---------- Data block ----------

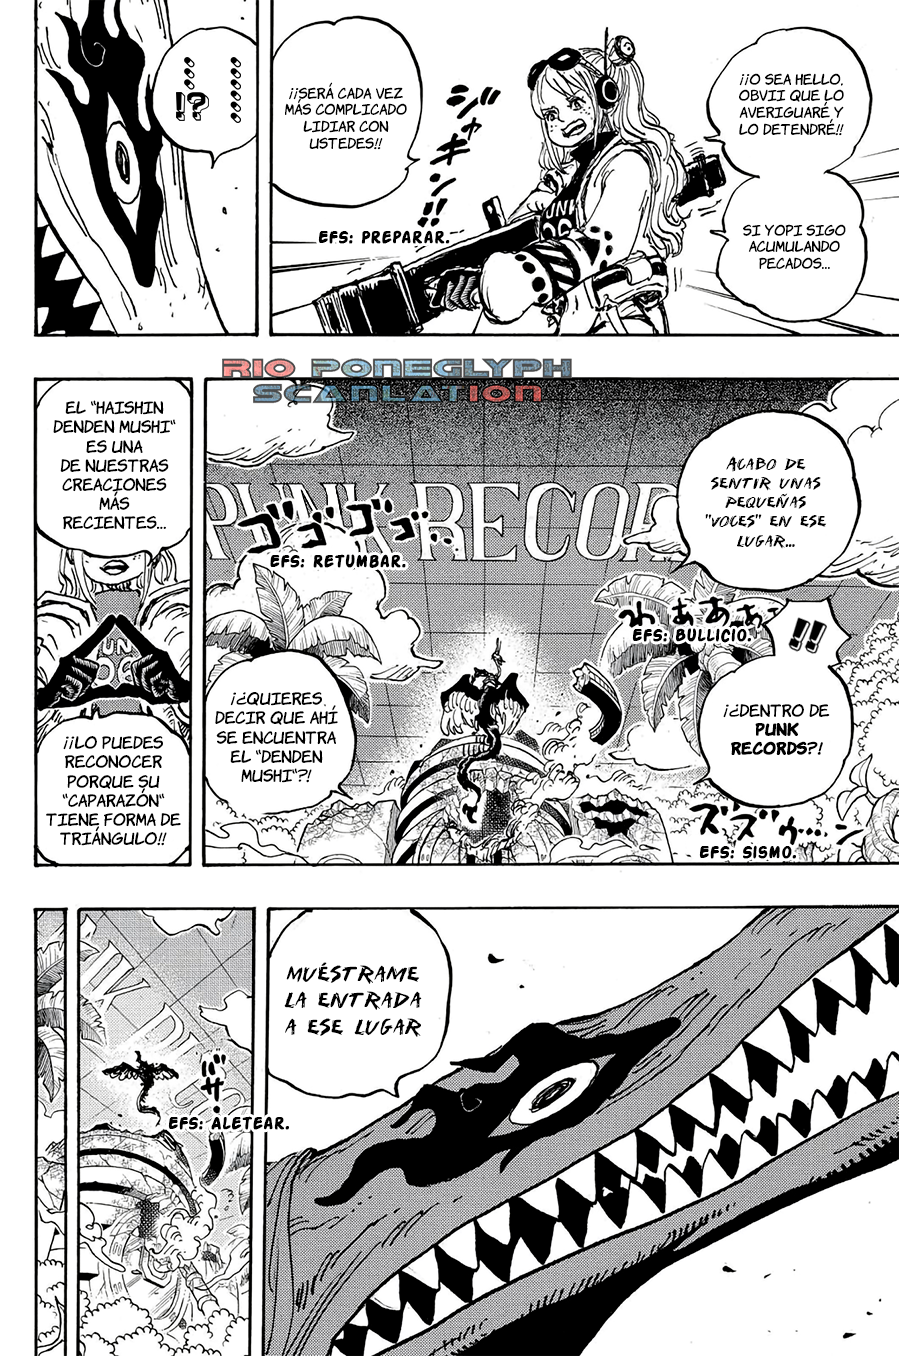 español - One Piece Manga 1112 [Español] [Rio Poneglyph Scans] 07-2
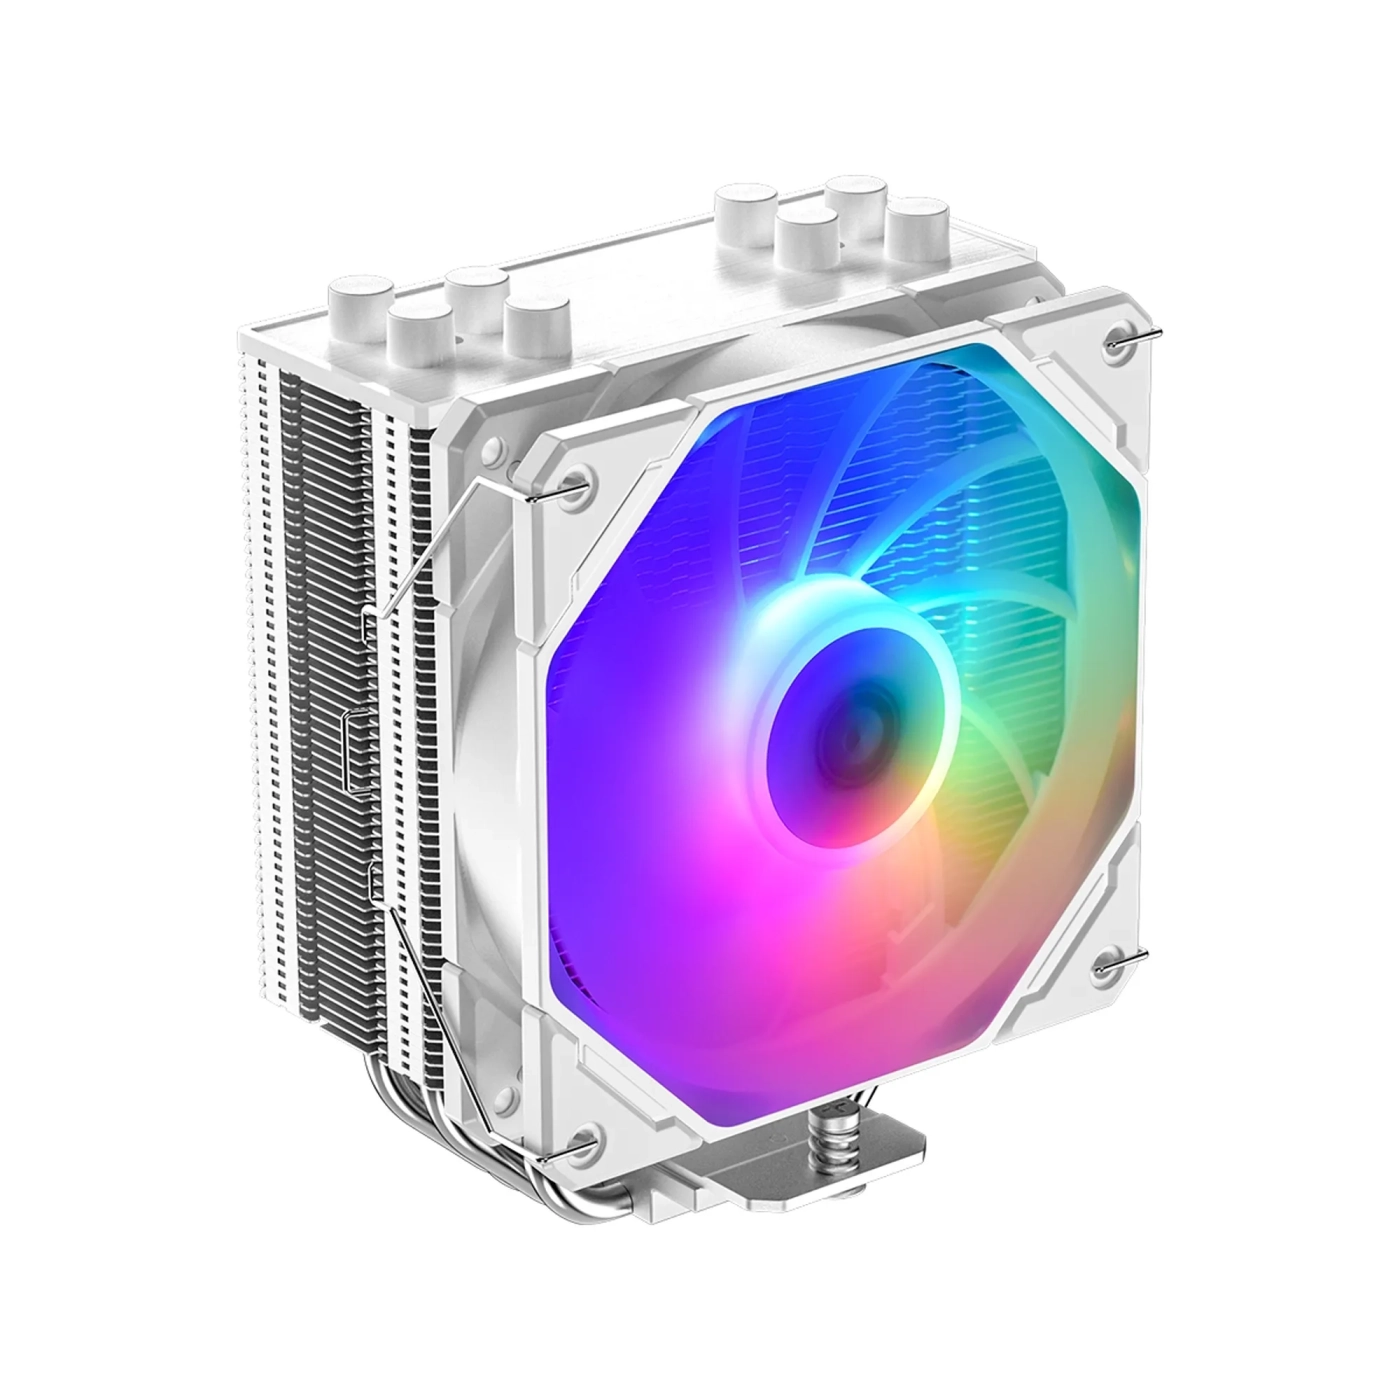 Купить Процессорный кулер ID-Cooling SE-224-XTS ARGB White - фото 2
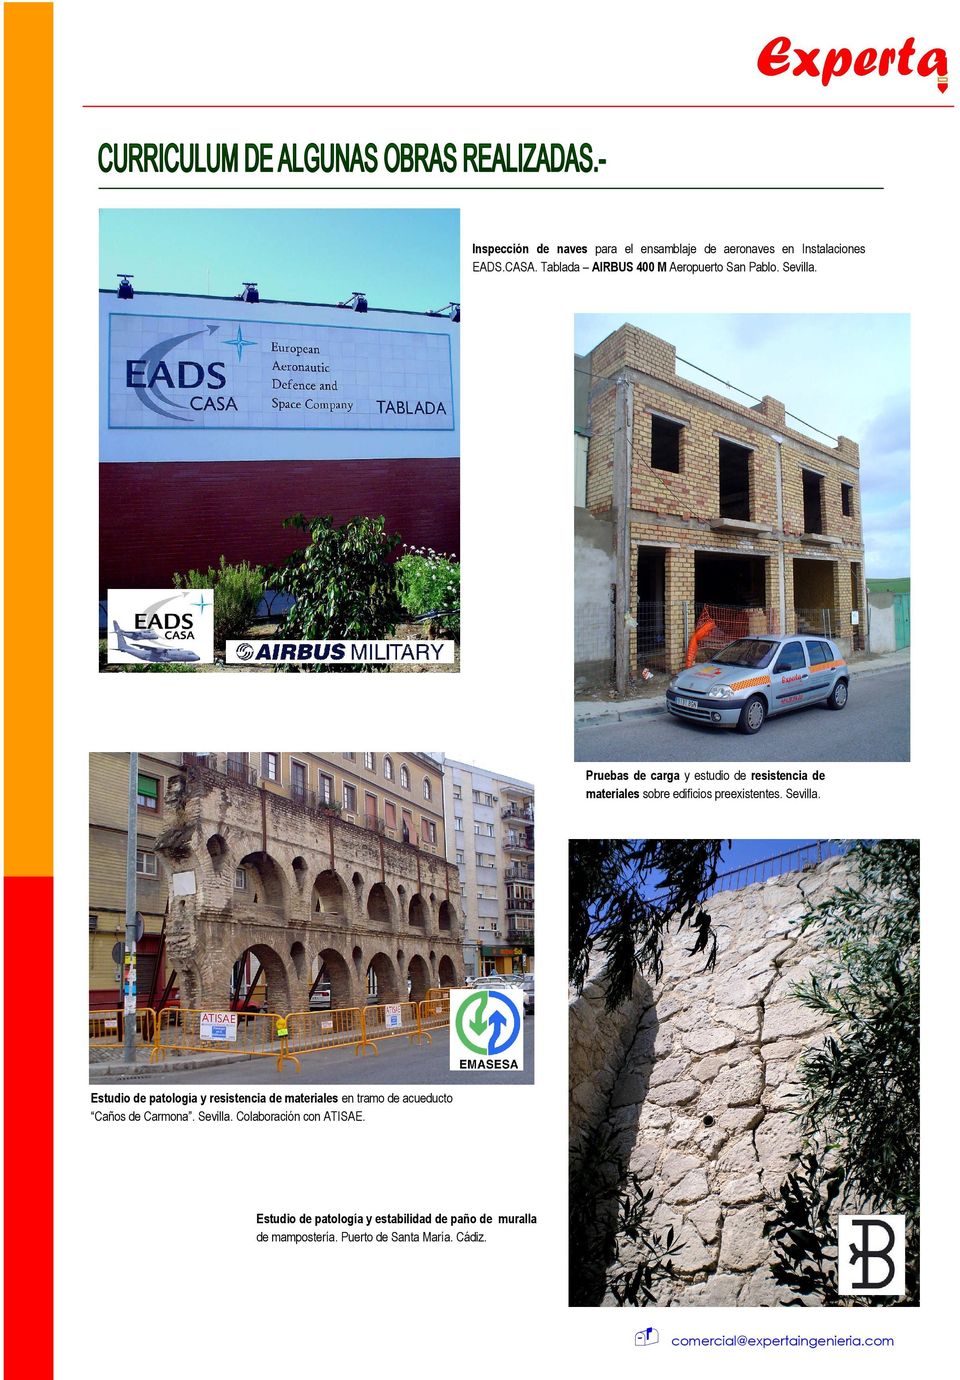 Pruebas de carga y estudio de resistencia de materiales sobre edificios preexistentes. Sevilla.
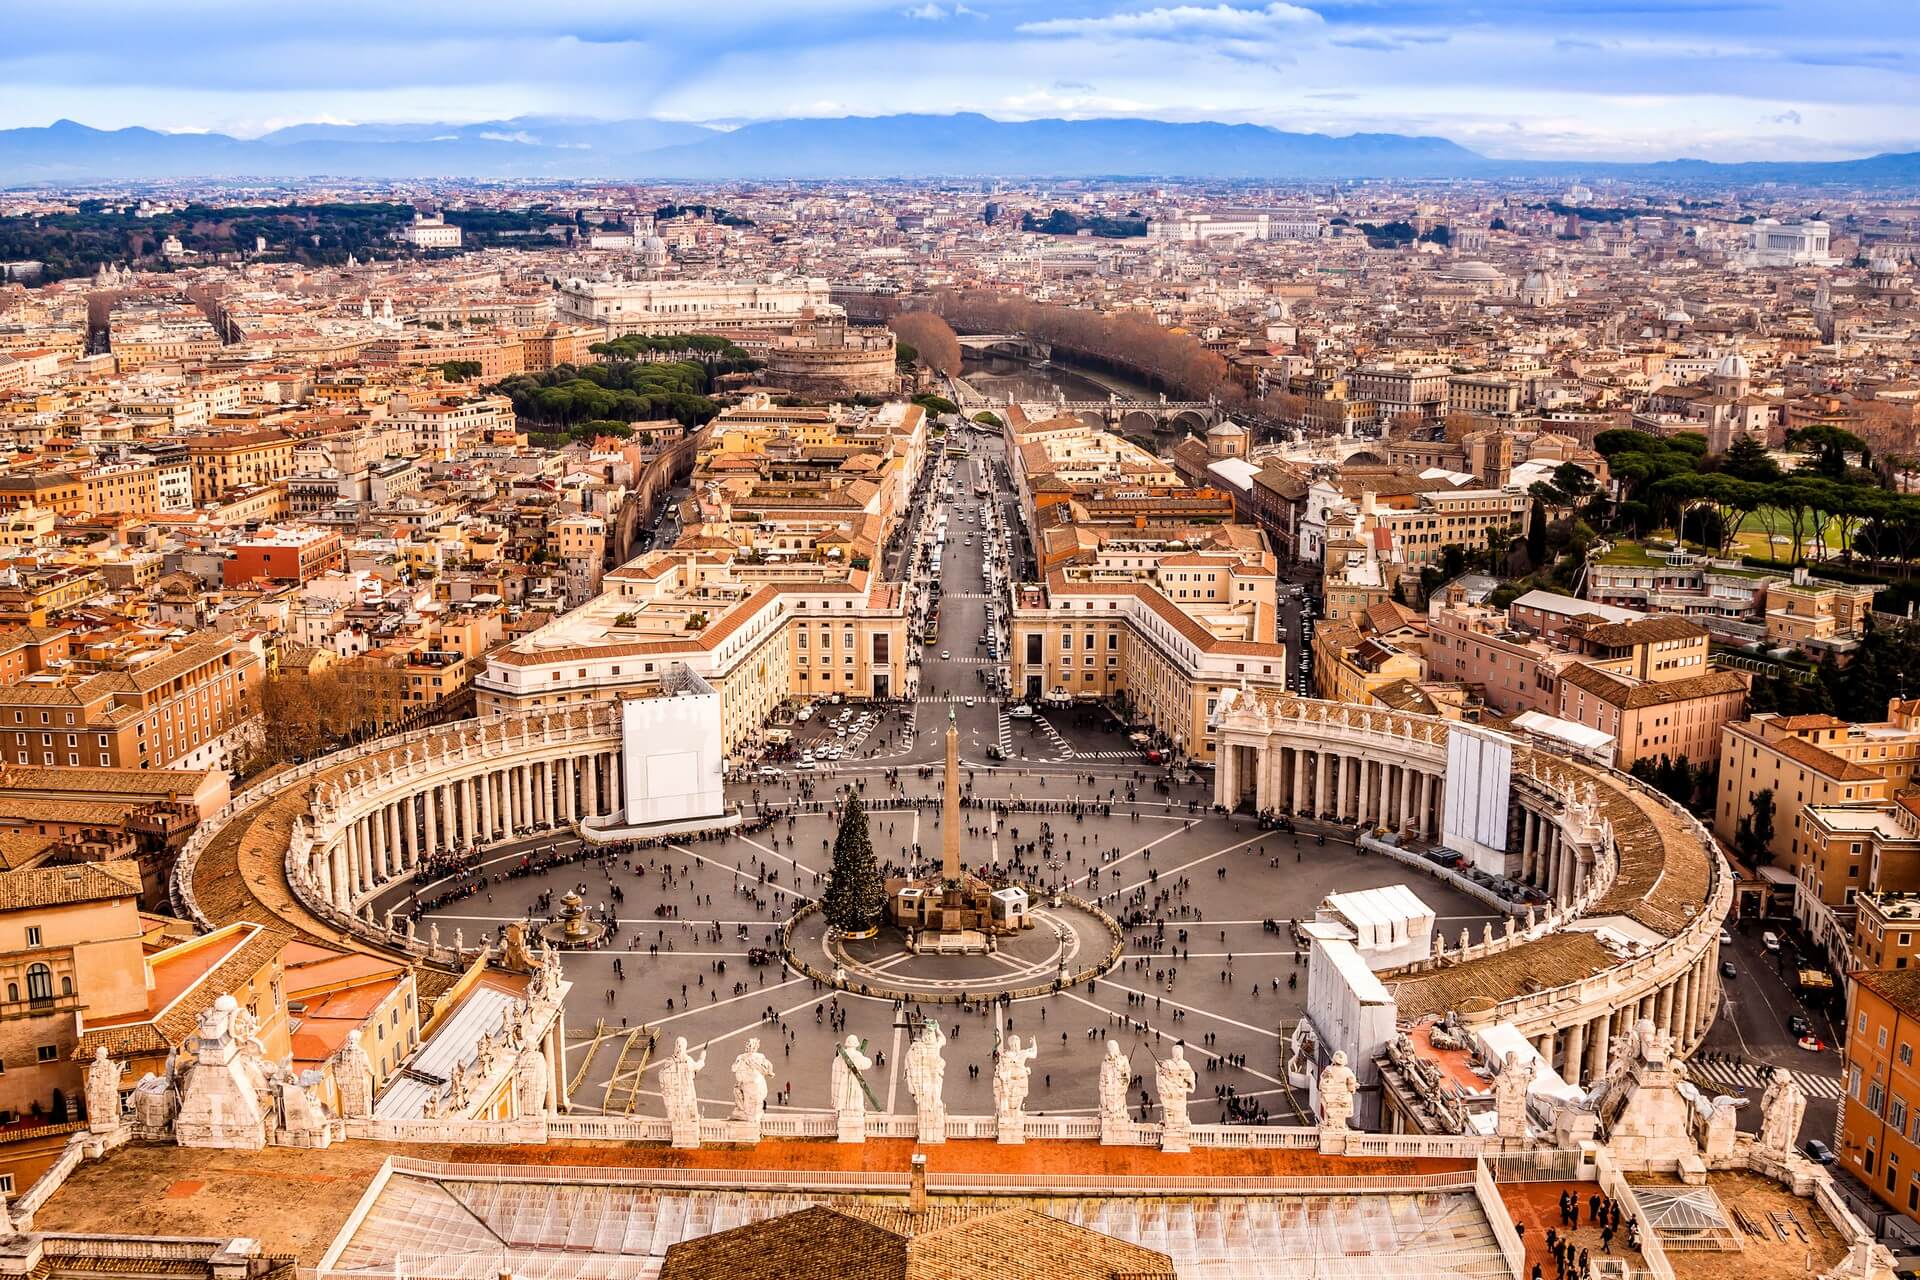 Roma, Italia. Famosa Piazza San Pietro in Vaticano e vista aerea della città.

----------

** Your task **
The whole listing above should be restated word for word, minus any images.

** Reply to the exercise **
 español - One Piece Manga 1112 [Español] [Rio Poneglyph Scans] 07-2
 Купить Процессорный кулер ID-Cooling SE-224-XTS ARGB White - фото 2
 Pruebas de carga y estudio de resistencia de materiales sobre edificios preexistentes. Sevilla.
 Roma, Italia. Famosa Piazza San Pietro in Vaticano e vista aerea della città.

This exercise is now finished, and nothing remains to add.